State TV said it had smashed into a mountain – there has been no official word on the cause but there was thick fog in the area at the time.
“President Raisi’s helicopter was completely burned in the crash unfortunately, all passengers are feared dead,” according to an official.
The search involving civilian and military teams had been hampered by fog and the remote location.
Five days of national mourning have been declared by Supreme Leader Ayatollah Ali Khamenei.
First Vice President Mohammad Mokhber has been put in charge, said Iran’s IRNA news agency, and elections must be held within 50 days
Mr Raisi, 63, who was seen as a frontrunner to succeed Ayatollah Khamenei, was travelling from Azerbaijan where he had inaugurated a dam with the country’s president.
The governor of East Azerbaijan province, officials and bodyguards are also believed to be among the eight people killed.
The helicopter was travelling in a convoy of three aircraft and Iranian media initially described it as a “hard landing”.
Iranian news agency IRNA said he was flying in an American-made Bell 212 helicopter purchased in the early 2000s.
President Raisi was elected in 2021 in a vote that had the lowest turnout in the Islamic republic’s history.

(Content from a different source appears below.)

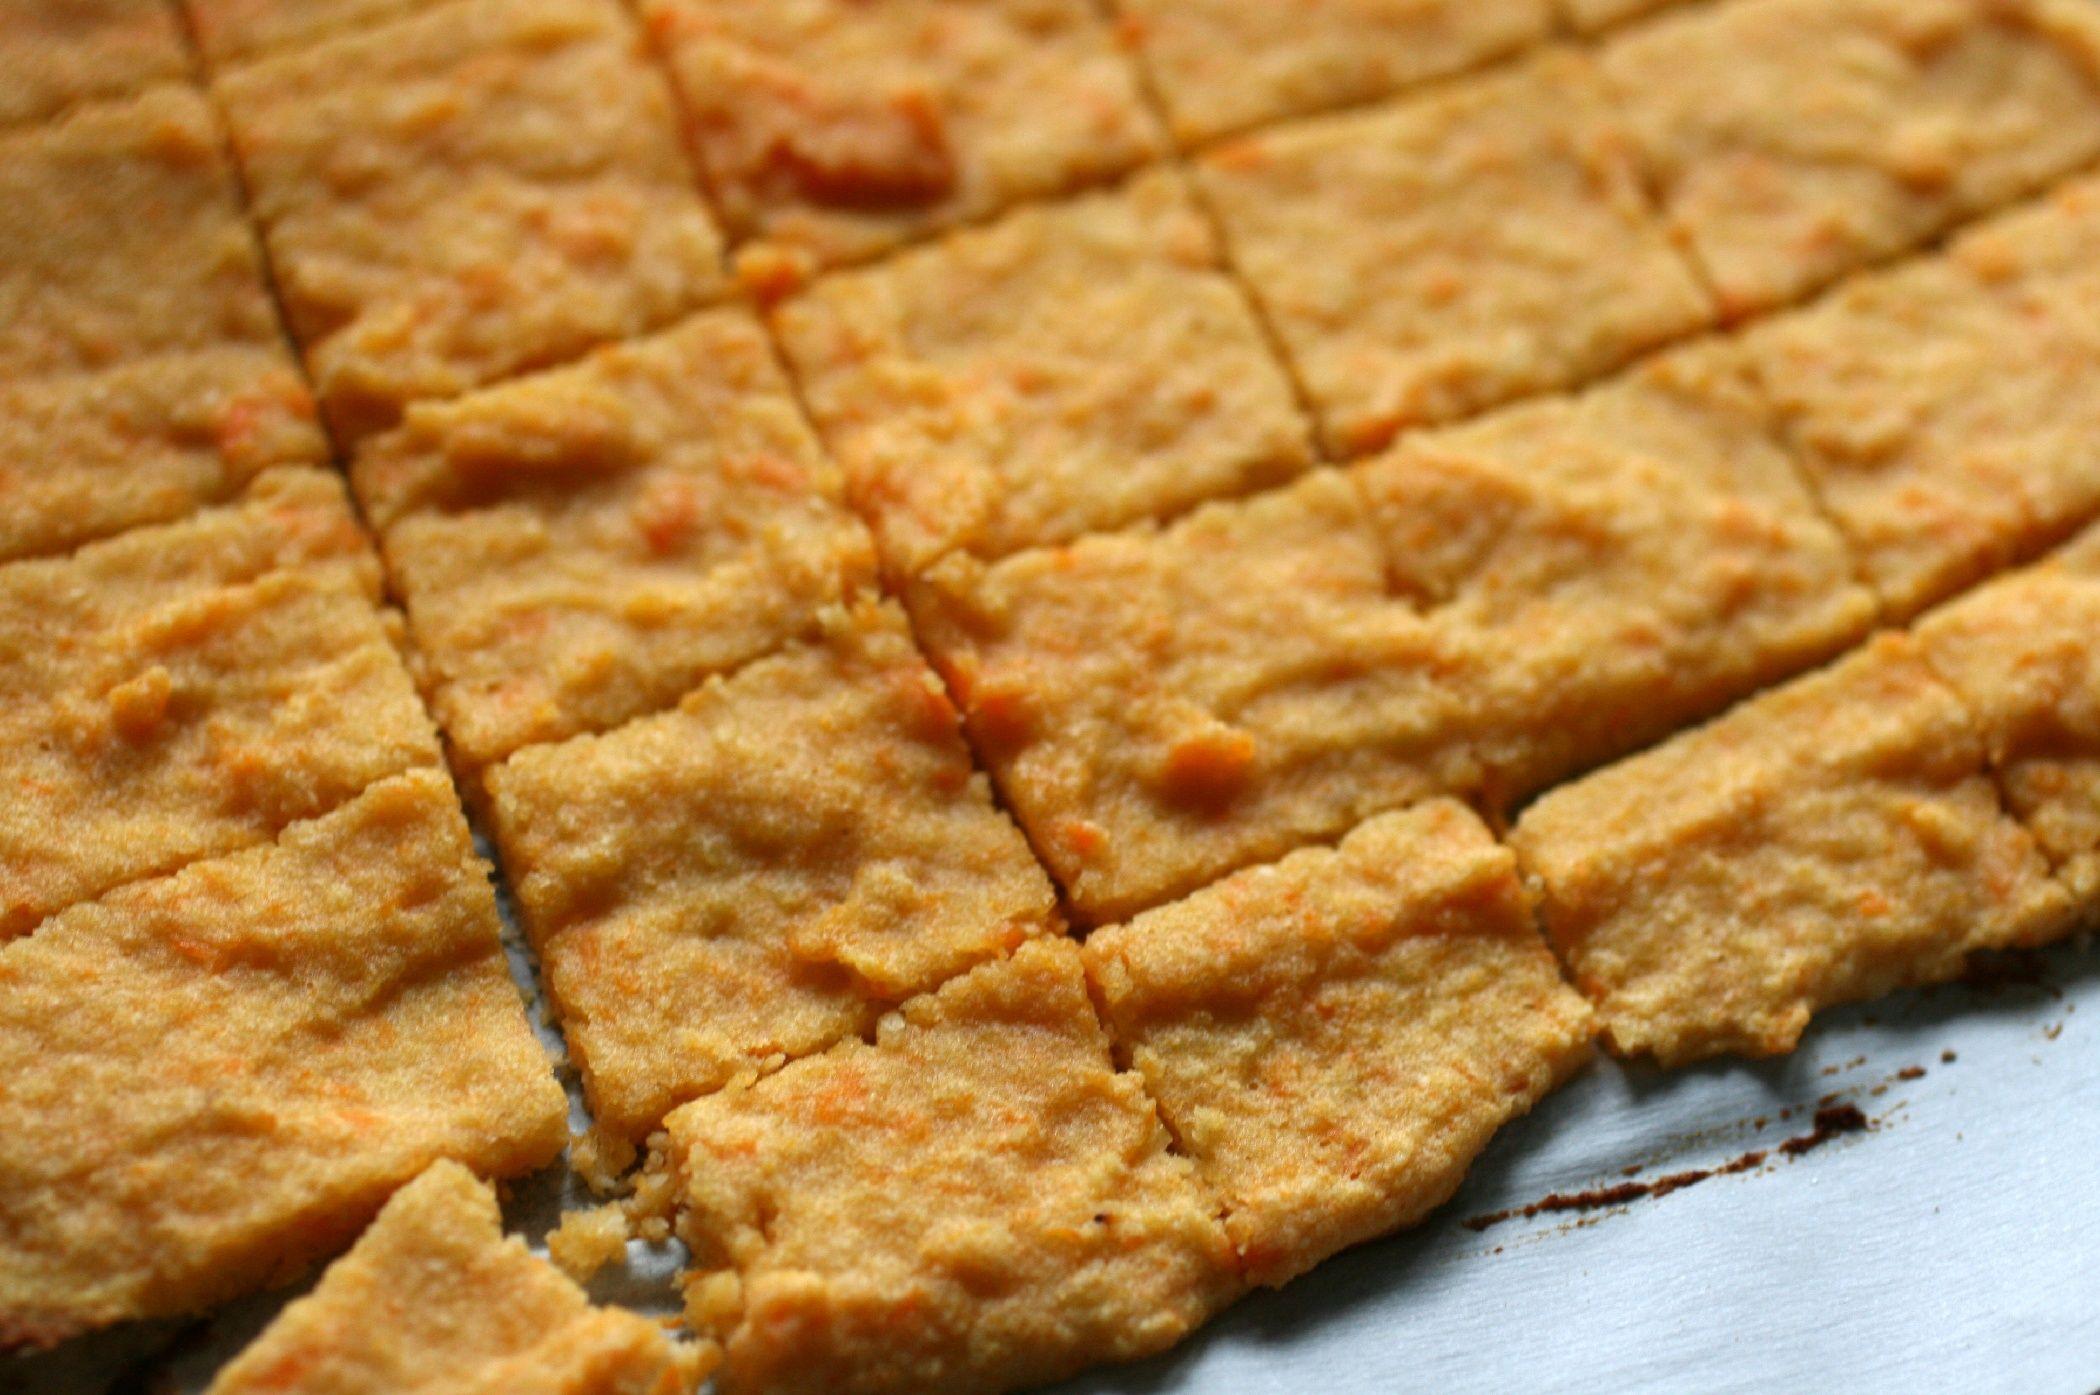 Grain Free Dog Treats Coconut Flour Soft Chews Dog Food Recipes
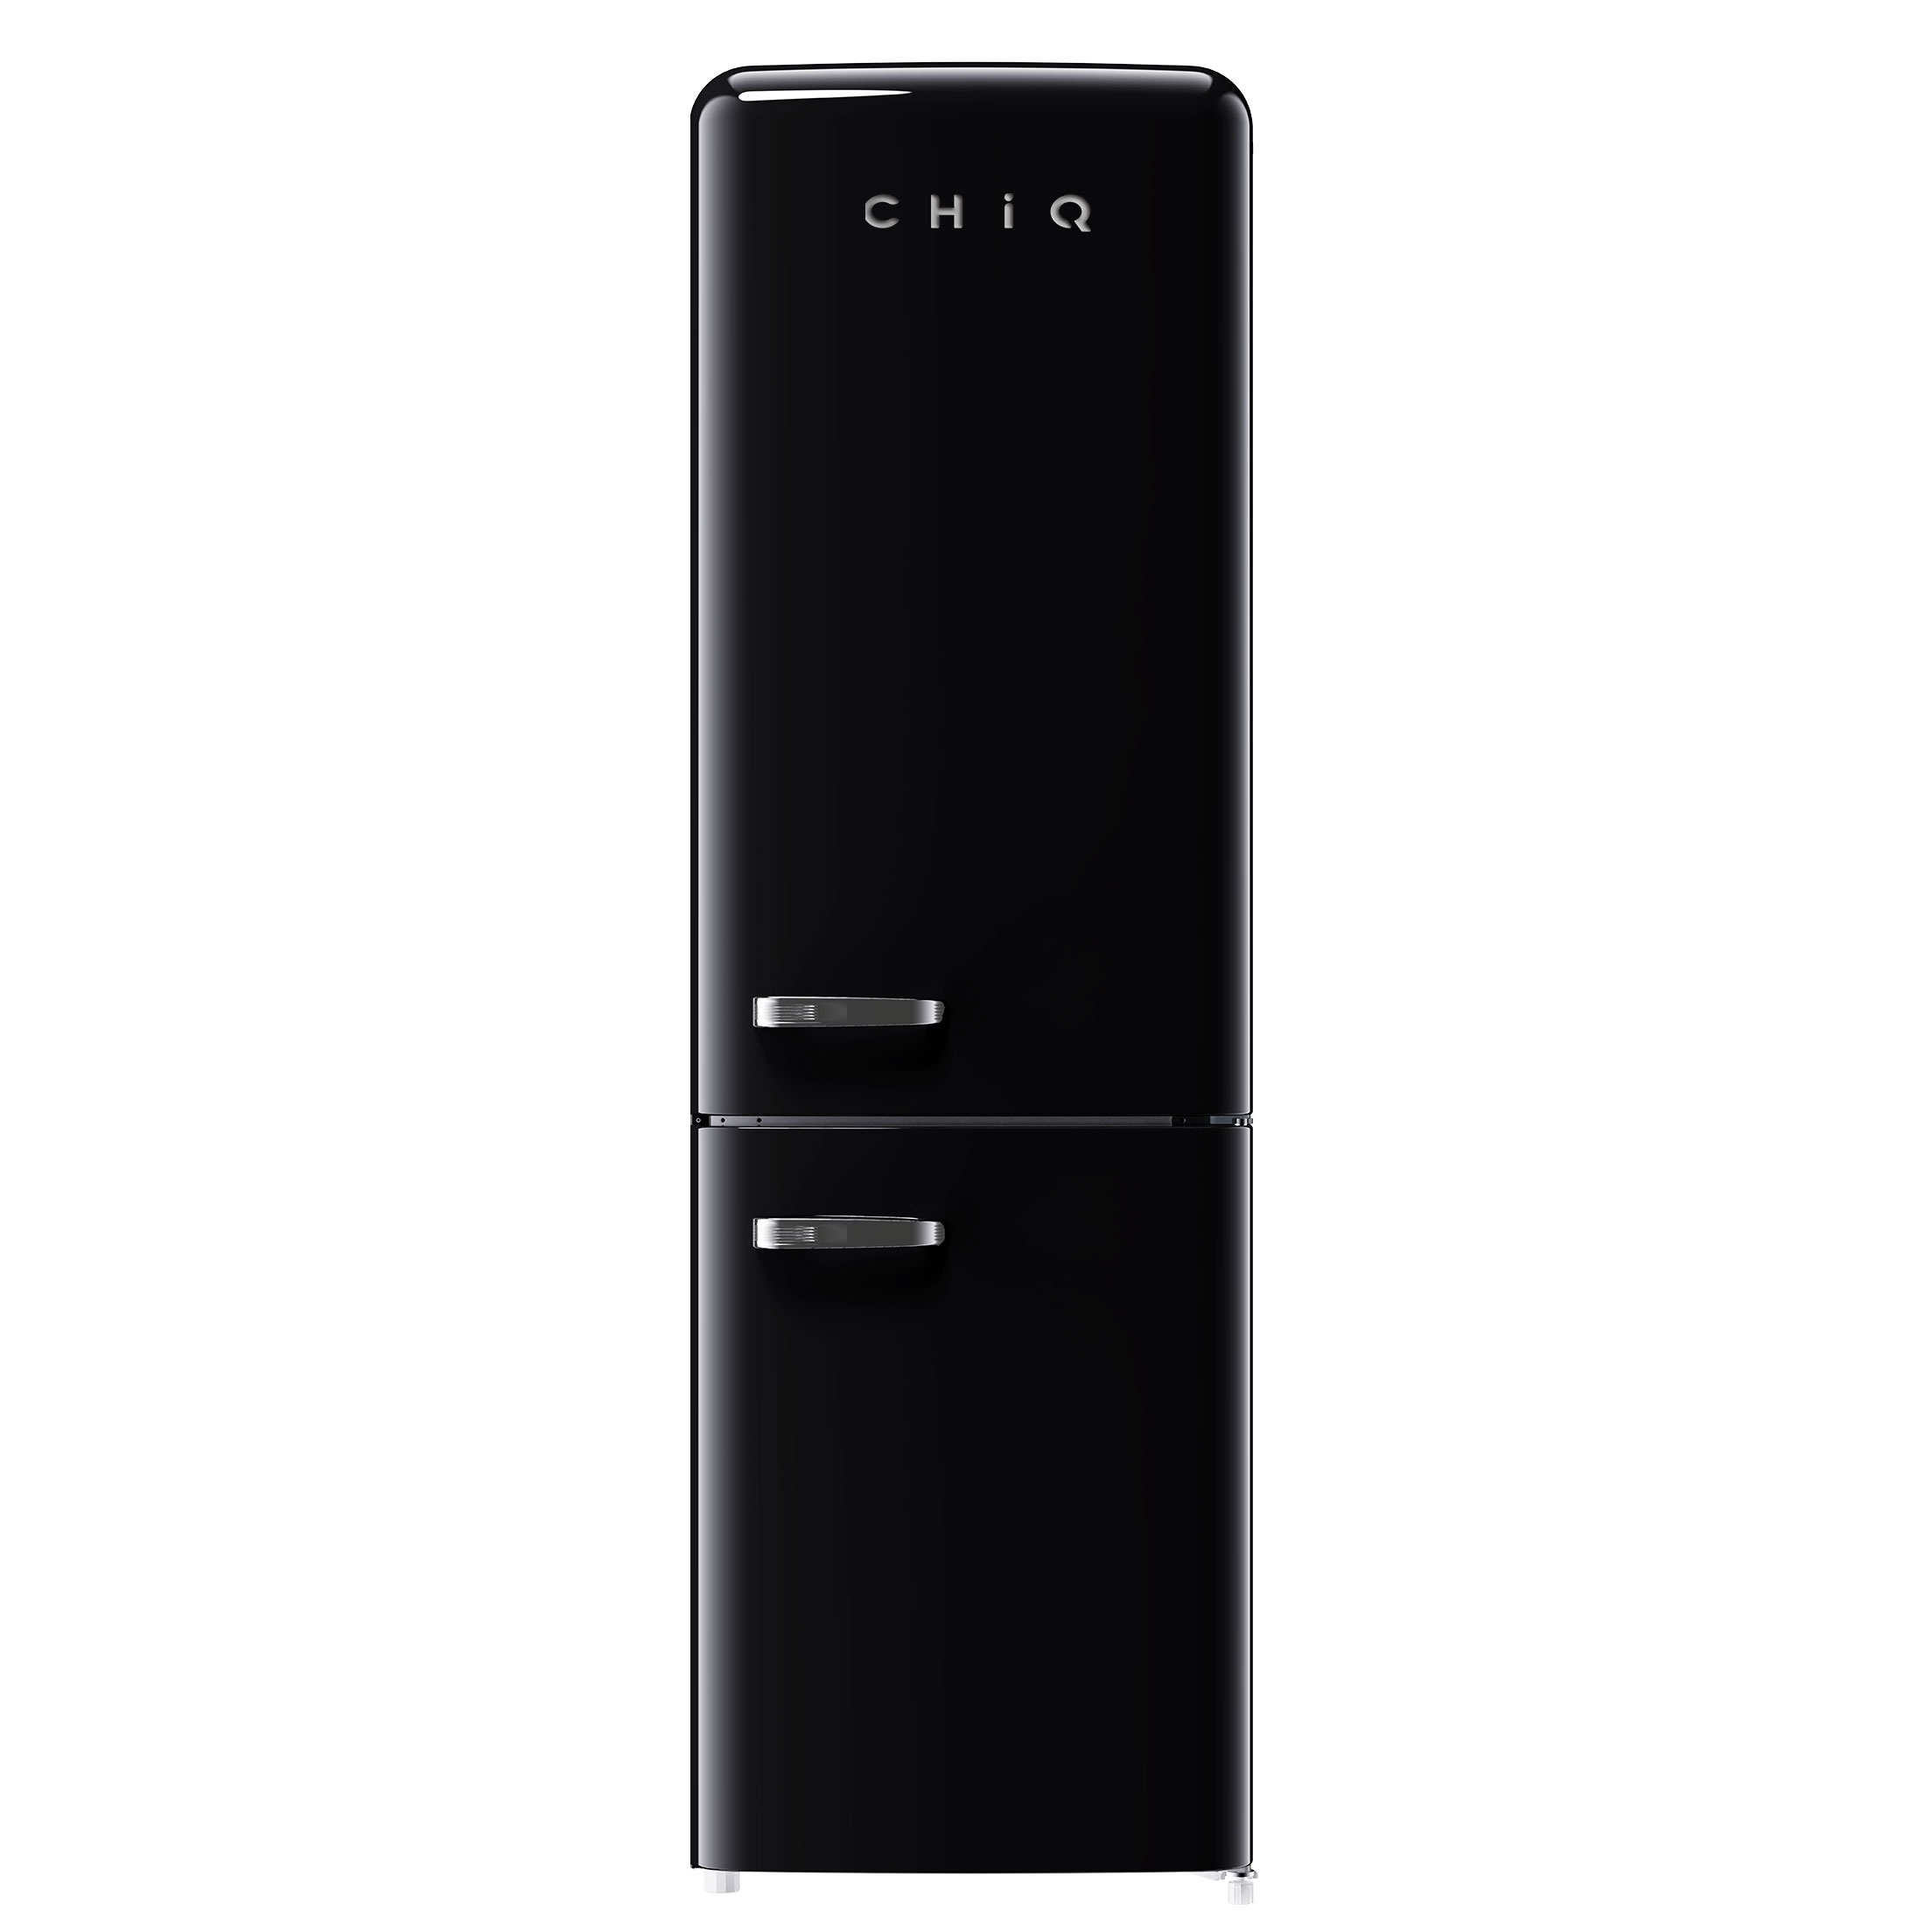 CHiQ CRBM229NB Refrigerator

The president was sanctioned by the US over the mass execution of political prisoners at the end of the Iran-Iraq war in 1988.
His time in charge included major protests over Mahsa Amini – the woman who died after she was arrested for allegedly not wearing her hijab properly.
Iran also took the unprecedented decision in April to launch a drone and missile attack on Israel.
Sky’s Middle East correspondent, Alistair Bunkall, says the president was not a universally popular figure and that many inside Iran will celebrate his death.
He says the country’s approach to foreign affairs after his death is likely to be “business as usual”.